Your goal: From the data below, return the exact lines starting at the line containing "Zoe Saldana Style, Fashion" and ending at the line containing "28 TW706 Wheels", both included, and nothing else.

Data excerpts:
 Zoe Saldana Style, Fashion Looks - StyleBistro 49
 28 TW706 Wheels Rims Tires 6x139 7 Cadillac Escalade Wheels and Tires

---

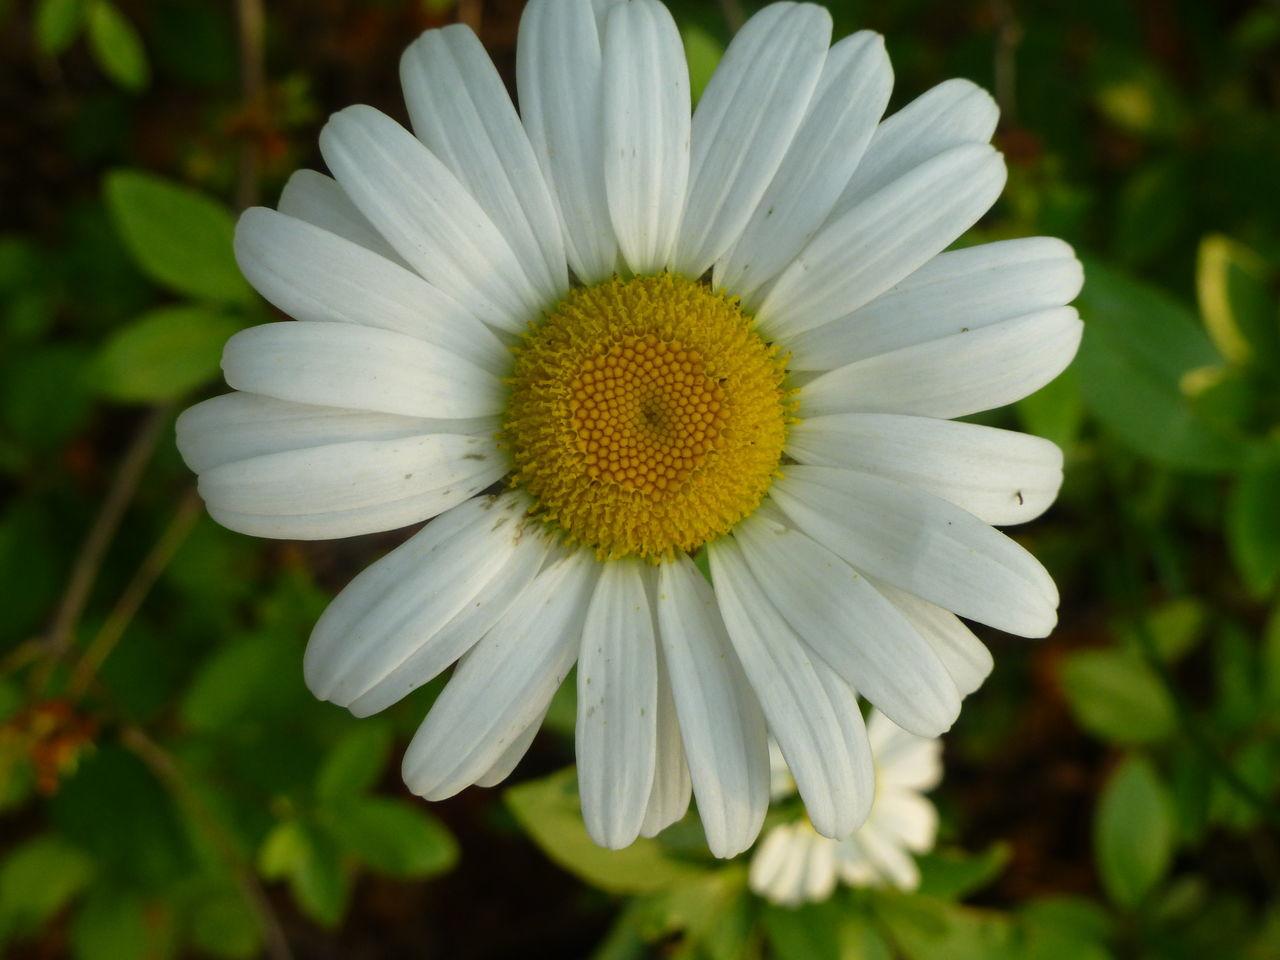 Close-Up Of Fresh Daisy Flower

==

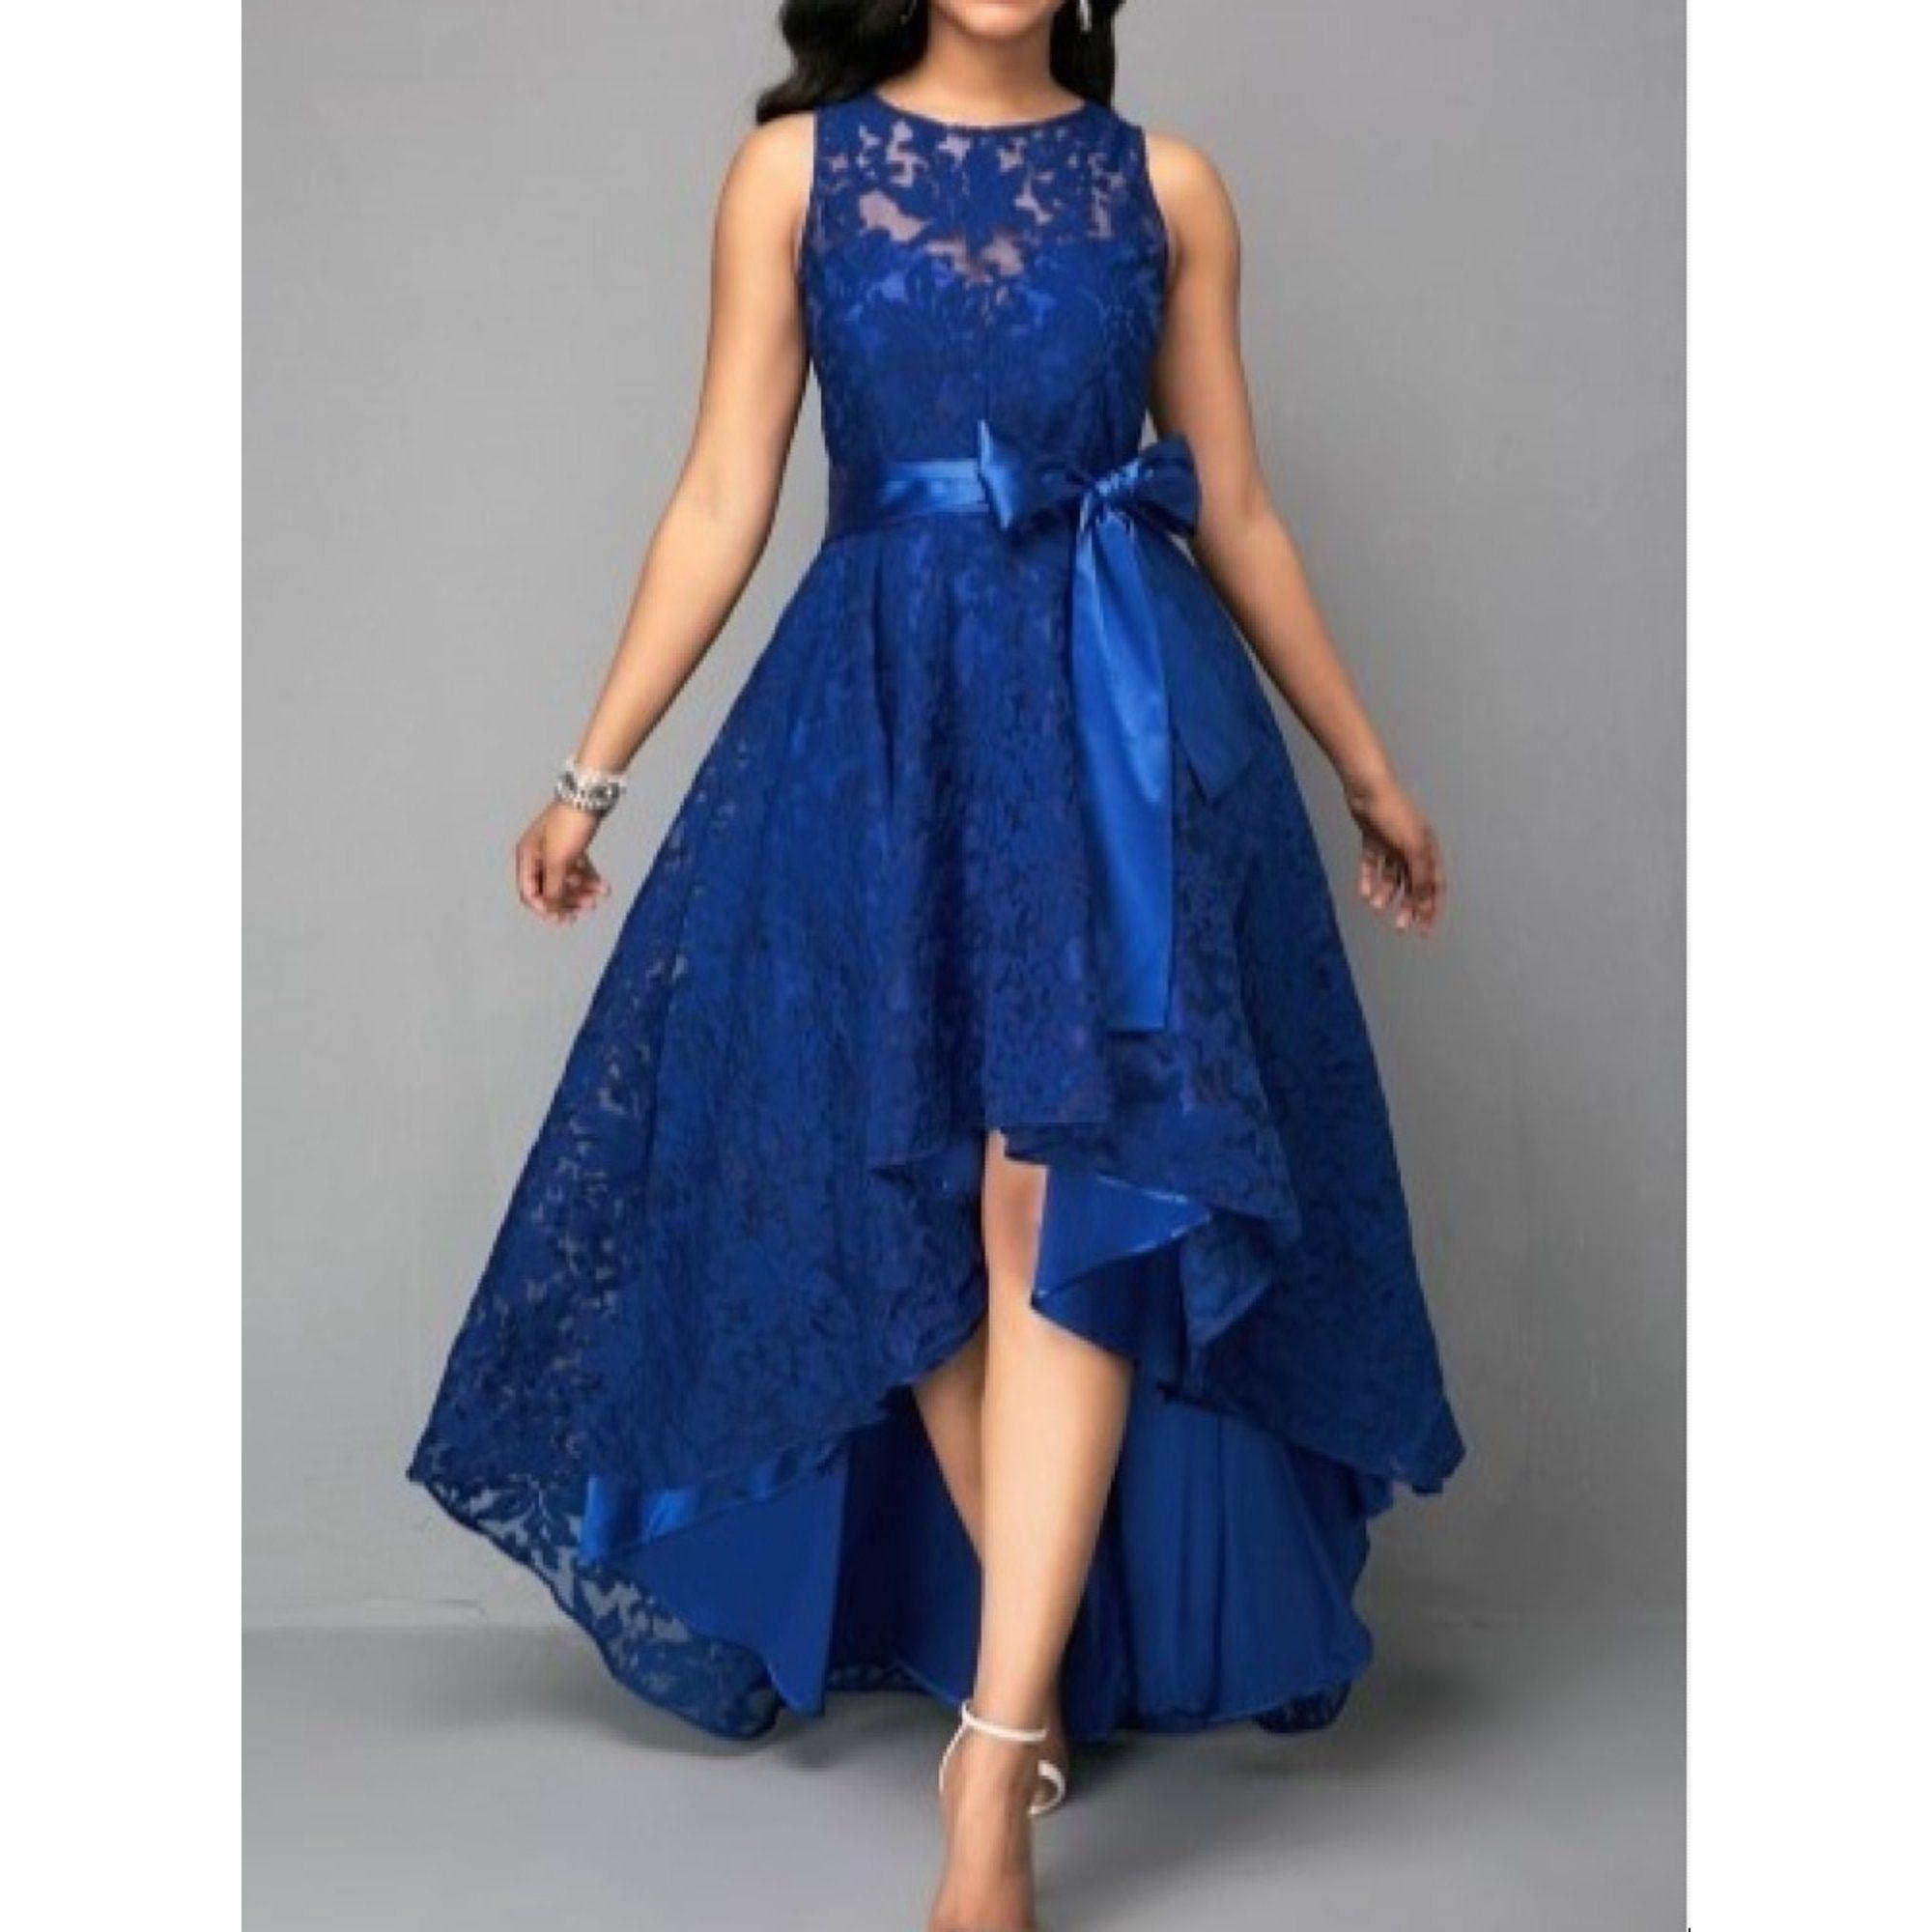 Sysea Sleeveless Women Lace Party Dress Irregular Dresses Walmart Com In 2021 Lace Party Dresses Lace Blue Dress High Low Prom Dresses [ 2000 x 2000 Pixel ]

Task solution:
 Zoe Saldana Style, Fashion Looks - StyleBistro 49
 28 TW706 Wheels Rims Tires 6x139 7 Cadillac Escalade Wheels and Tires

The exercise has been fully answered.